48 books this time round, ten of them rereads (marked by asterisks).  Captain Vorpatril's Alliance, part of the Vorkosigan series, was the best book, with the two Lackeys, which mix Sherlock Holmes into her Elemental Masters series, close behind.  Books included 15 SF and time travel, seven YA, six WW II and other history, six mysteries, six fantasy.  Top author this quarter was John Blaine (a pseudonym for science writer Hal Goodwin), with six books.

"RB" is Rick Brant -- a series of boys' books from the '50s and '60s.  They're quite similar to the Hardy Boys books (a series that began in 1927), though Rick and Scotty aren't brothers, and while Fenton Hardy was a detective, Hartson Brant was a scientist.  Goodwin called them "science adventures".
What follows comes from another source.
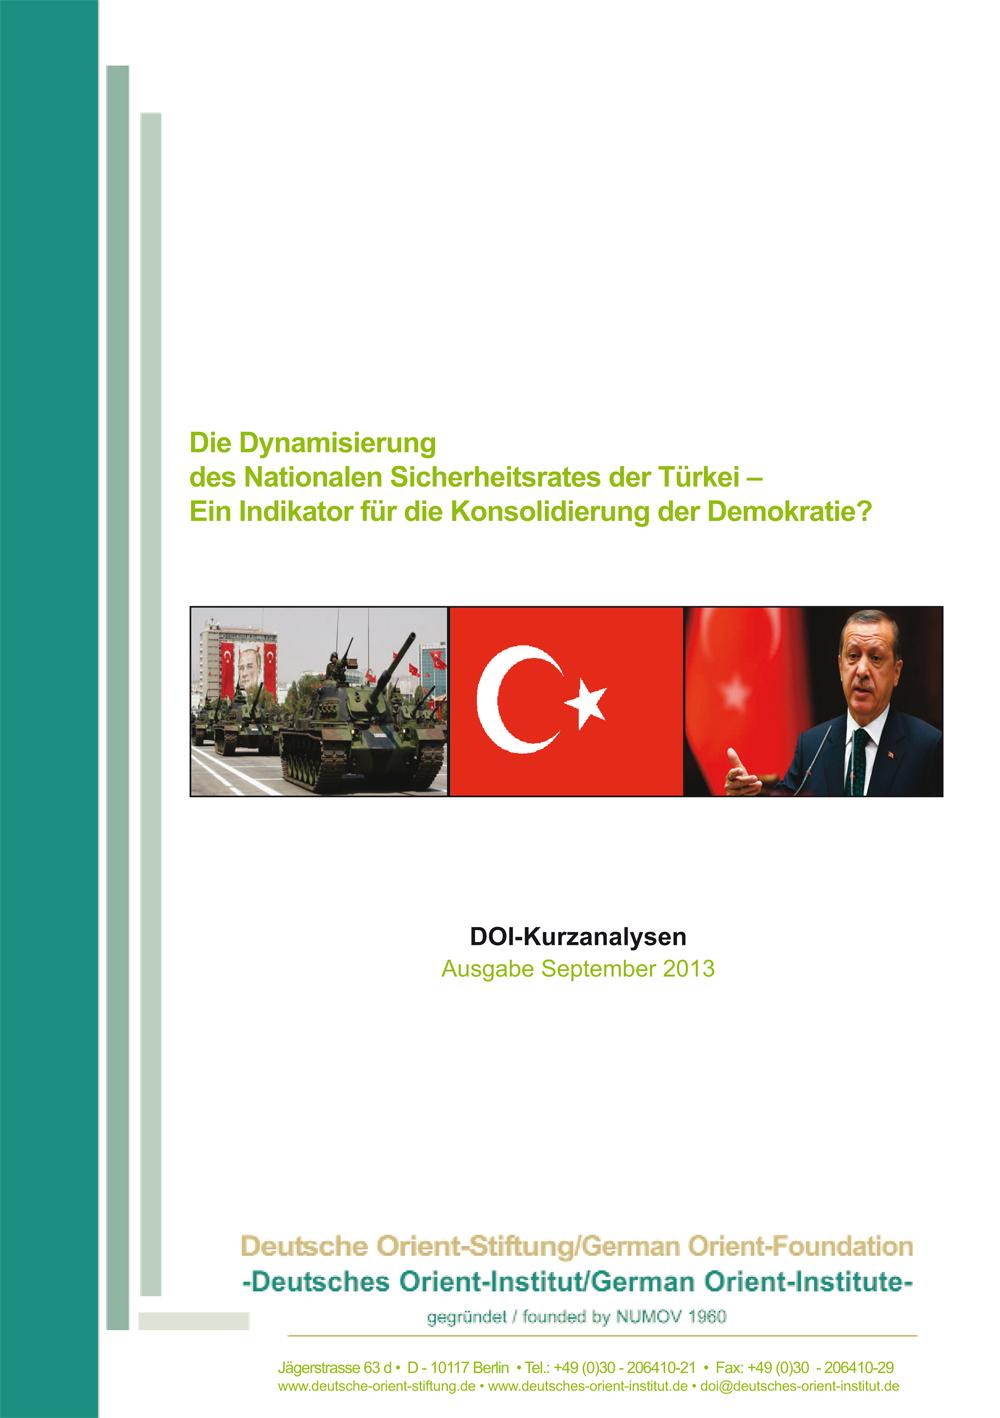 """Featured image for """"Die Dynamisierung des Nationalen Sicherheitsrates der Türkei: Ein Indikator für die Konsolidierung der Demokratie?"""""""

Tin Cans and Greyhounds was an interesting book, mostly enjoyable.  More space could have been devoted to British, German and other non-US ships, and I caught a few mistakes here and there, but the biggest problem was the index -- by far the worst I've ever seen.  People are indexed not by the standard lastname-firstname-rank, but by rank-firstname-lastname, which in addition to making it difficult to find a person leads to one man's being listed twice, as he was promoted between his two mentions in the book.